Weber's opera Euryanthe is traditionally criticised as a masterpiece with blemishes that make it unstageable. The main problems allegedly stem from an over-complicated libretto with an inconsistent and unintelligible plot, set to music with such meticulous attention to every textual detail that the result is musically incoherent. [1]  To say there is a close connection between this view and the rarity of performances, even mutilated ones,  sounds at first like an obvious statement of cause and effect.  But it could equally be argued that the rarity of performances itself serves to perpepuate the critical emphasis on musical-textual misalliance.    For on the one hand it is understandable that a work largely studied, rather than heard and seen in the theatre, should be judged in terms that exclude any visual considerations. It is commonly regarded as outside the business of music criticism to speculate creatively on a mainly loose dimension of opera and relate it plausibly to the fixtures [2] : especially - and now we enter a vicious circle - when the effort is about to be wasted on something held to be basically deficient, rather than to crown what is already good.  On the other hand no director or team with sufficient overall talent to  project some exceptional and coherent musical insight through images and movement has so far  emerged to change accepted opinion through performance.

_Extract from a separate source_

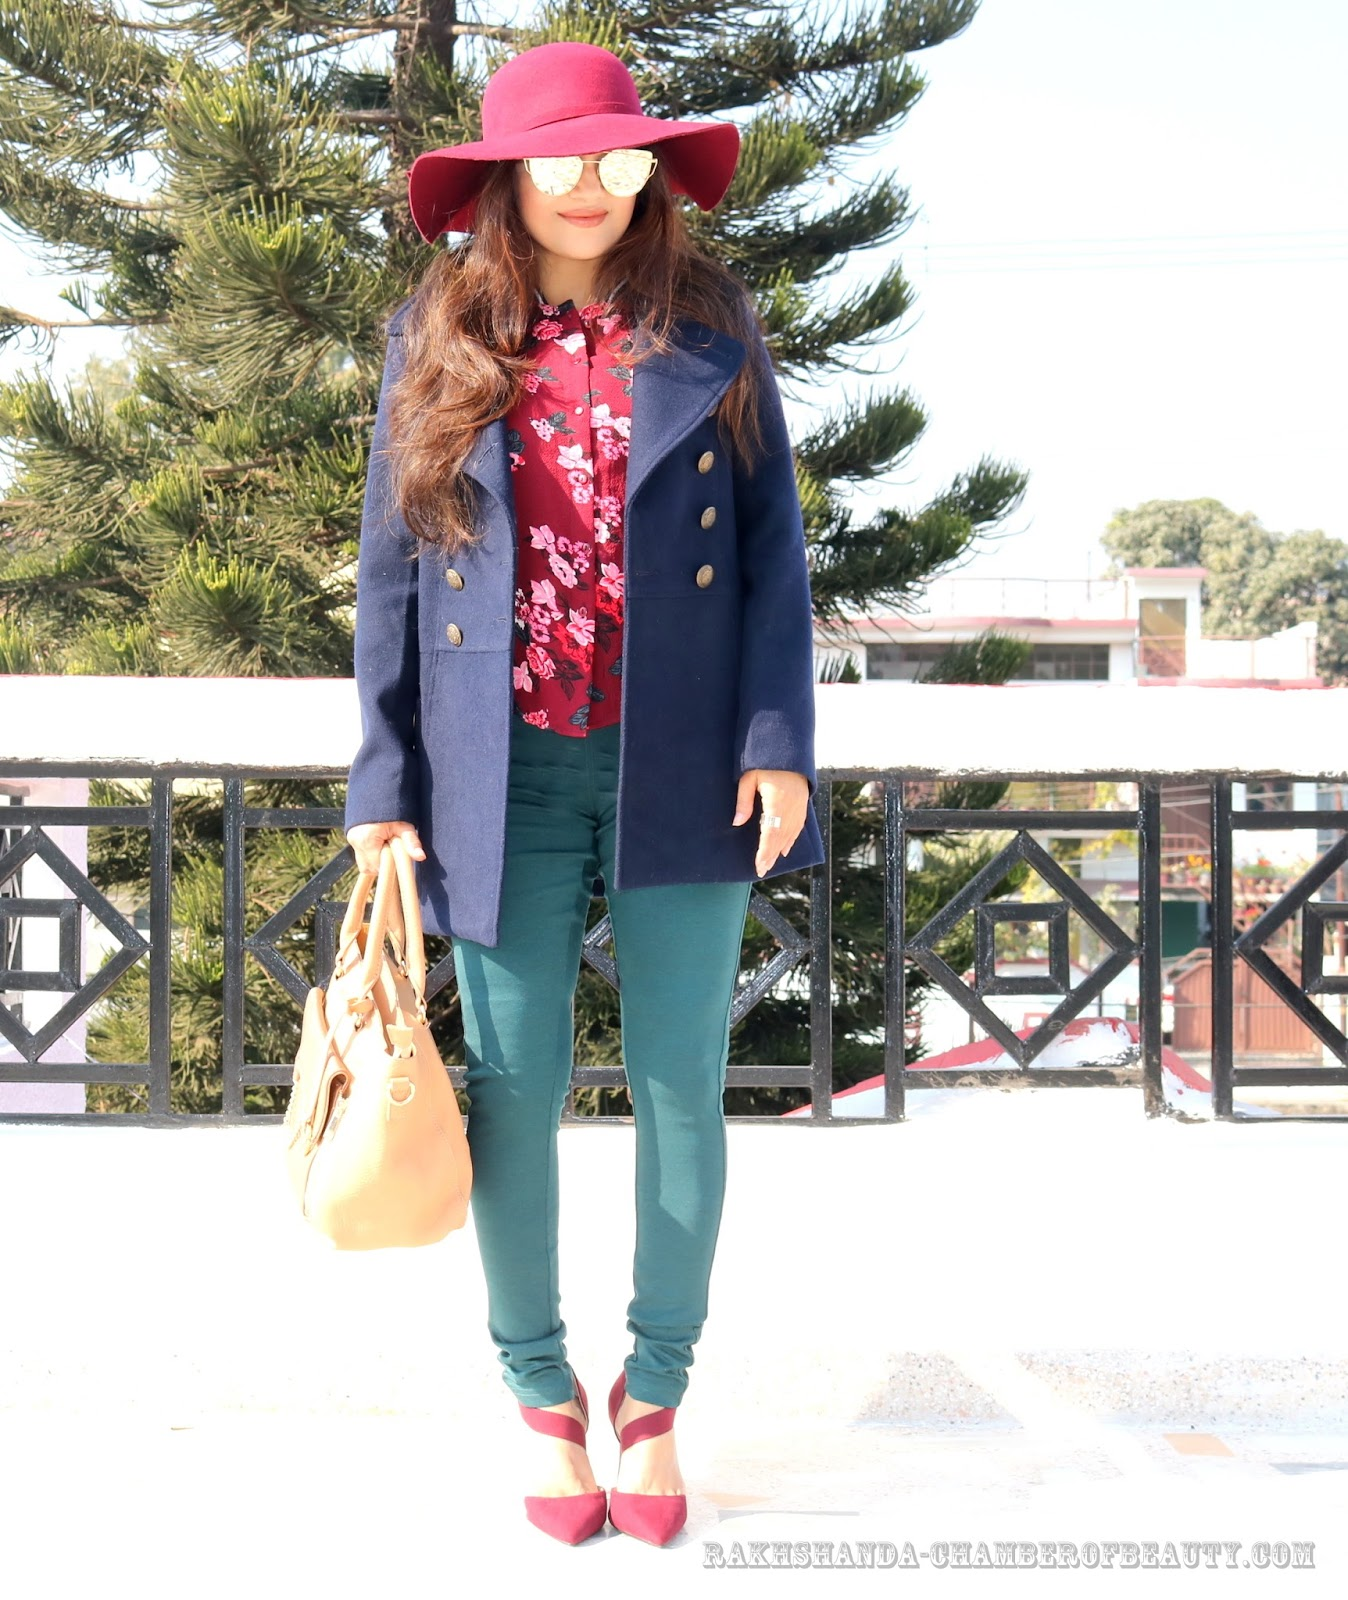 rakhshanda-chamberofbeauty/Max fashion/how to style printed shirt in winter

The converse of the Euryanthe phenomenon is that commercially successful  operas with laughable plots or libretti never lose their popularity as a result of  the almost exclusive critical emphasis on music and text. Apart from the fact that success attracts canonisation, this may simply be because regularly staged works offer some ready-made images or other to the writer who may not state or be conscious of how far these influence - usually to advantage - an understanding of libretto and/or music even when those alone are ostensibly being discussed.      So a major question here is whether we can construct an inclusively heard and seen idea of Euryanthe that will work, instead of getting stuck with the idea of irredeemable failure somewhere along the libretto/music axis.   
 
The emphasis away from textual fuss toward gestural clarity invites a classical approach to Euryanthe - in the sense of regarding it as basically a number opera [3] , and rejecting the more influential view that it is some kind of unsuccessful premonition of Wagner's music-drama. [4]  For if the set-pieces can be perceived as centres of gravity, then the transitions - those mixtures of accompanied recitative and arioso which take up significant timespans and constitute an important part of the opera's claims to innovation [5] - can drop most of their heavy responsibility for conveying details of verbal meaning to the audience and concentrate instead on supporting explanatory gesture, mime and movement, leaving the more, or less, obscure  textual flow to satisfy naturalistic opera convention that those creatures on stage are human, and therefore talk words.  The shift in perception of aria versus recitative would then be, broadly speaking, away from "meditation versus explanation "to "crisis versus consequent behaviour ".  This should make clearer why the aria is central - it generates the behaviour in the recitatives; furthermore, behaviour is understandable in terms of actions (visual and musical) without requiring a complicated verbal gloss.    
 
In the generations before Weber, the speech-like delivery of secco recitative was an acoustically possible way of conveying information in the smaller theatres for which it was originally intended.    By contrast, the words of accompanied recitative are less intelligible, the more elaborate the music, and the larger the theatre.    So from a practical standpoint as well, it is better in these transitions to let gesture and staging extract the essentials from the plot/text surface at a comprehensible pace, particularly since accompanied recitative introduces a definite metre and so invites choreography.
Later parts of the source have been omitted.